First, the CEC website came under a barrage of DDOS attack that originated from multiple countries.
"We prevented DDOS attacks between 23:00 GMT and 02:00 GMT, coming from 15 countries," head of the Russian Central Election Commission Ella Pamfilova said.
Although, the elections officials managed to successfully fend off the cyber-attacks without significant interruptions to the electoral process in Russia, the work of polling stations abroad was indeed obstructed and even disrupted.

For instance, Russian Ambassador to US Anatoly Antonov highlighted that "there were acts of provocations" made to disrupt the electoral process, as someone poured filth over one of the polling stations.

The most brazen attempt to disrupt the democratic process occurred in Ukraine, where the government extensively deployed police units to prevent Russian citizens from voting by physically blocking the entrance to the embassy and consular missions.
Members of nationalist organizations stage protest by the consular department of the Russian embassy in Kiev due to Russian Presidential Elections. Sputnik / Stringer
A number of Ukrainian nationalist groups also participated in the disruption of the democratic processes, assaulting the would-be voters.

Mikhail Fedotov, the chairman of the Russian Presidential Council for Civil Society and Human Rights, branded the attacks as "blatant violations of international law."

Similarly, Russian Foreign Ministry Spokeswoman Maria Zakharova blasted the Ukrainian government for its bizarre disregard of the democratic principles.

"Why are they doing that?

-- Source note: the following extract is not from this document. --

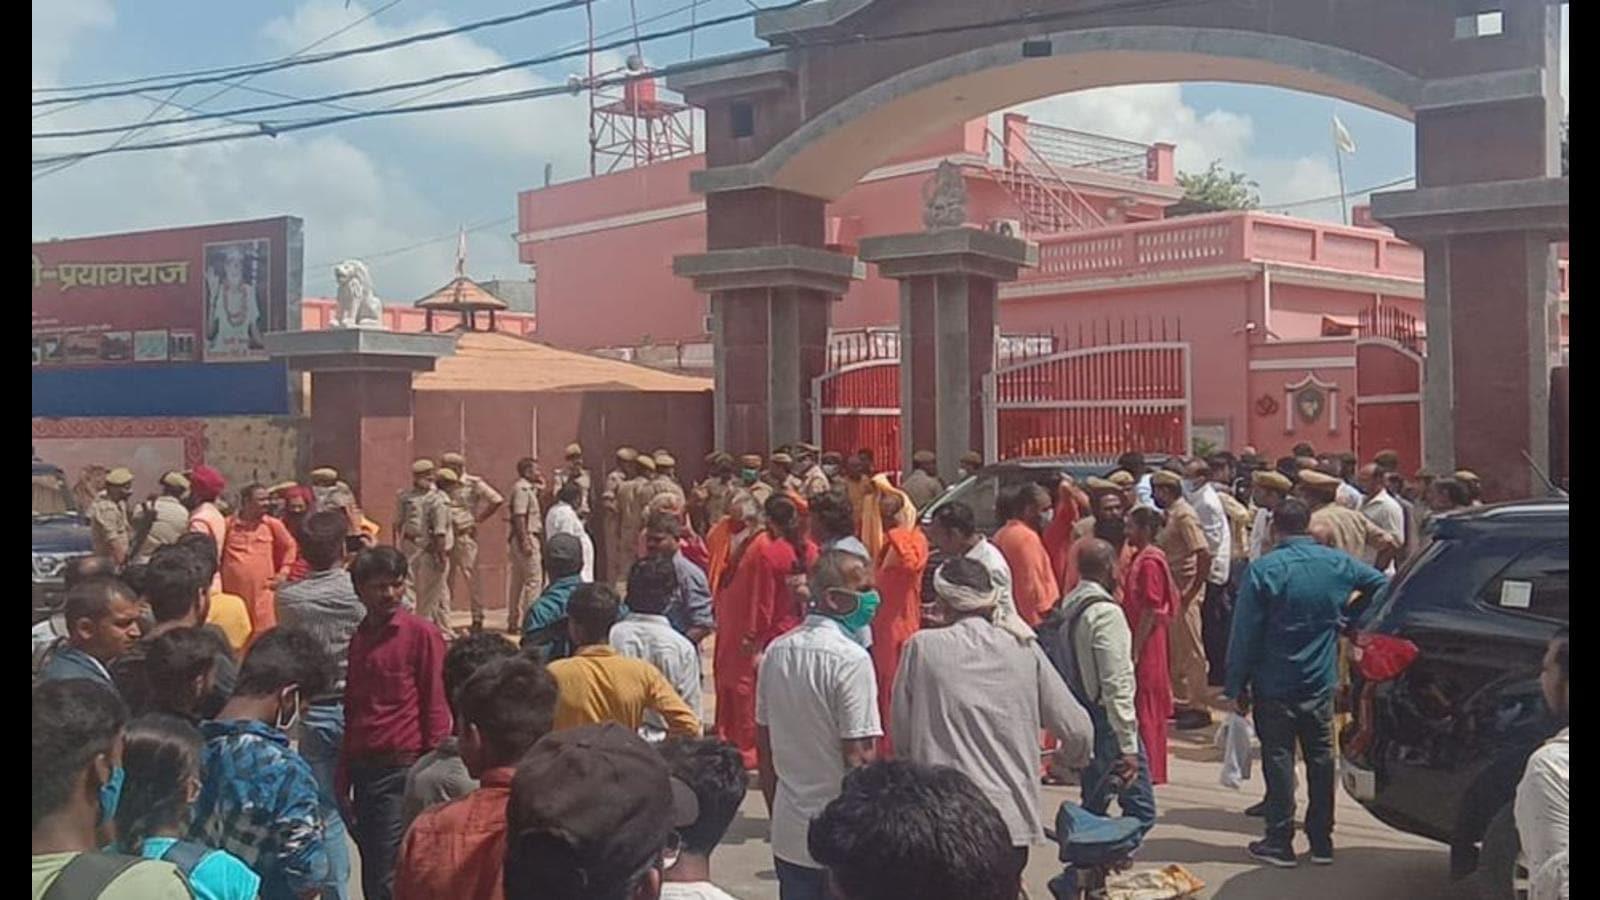 Akhada to take final call on Mahant Giri's successor

The answer is clear. The Russian citizens, who wanted to vote in Ukraine, see what is happening there. Therefore their choice is clear."
"Such result of expression of free will was unacceptable for Kiev ... That is why the [Ukrainian] regime absolutely brazenly prevented Russian citizens from voting," Zakharova told reporters.
Nevertheless, despite the incidents of foreign meddling, the 2018 Russian Presidential Election was a success, paving the way for the country's unique course for the next 6 years.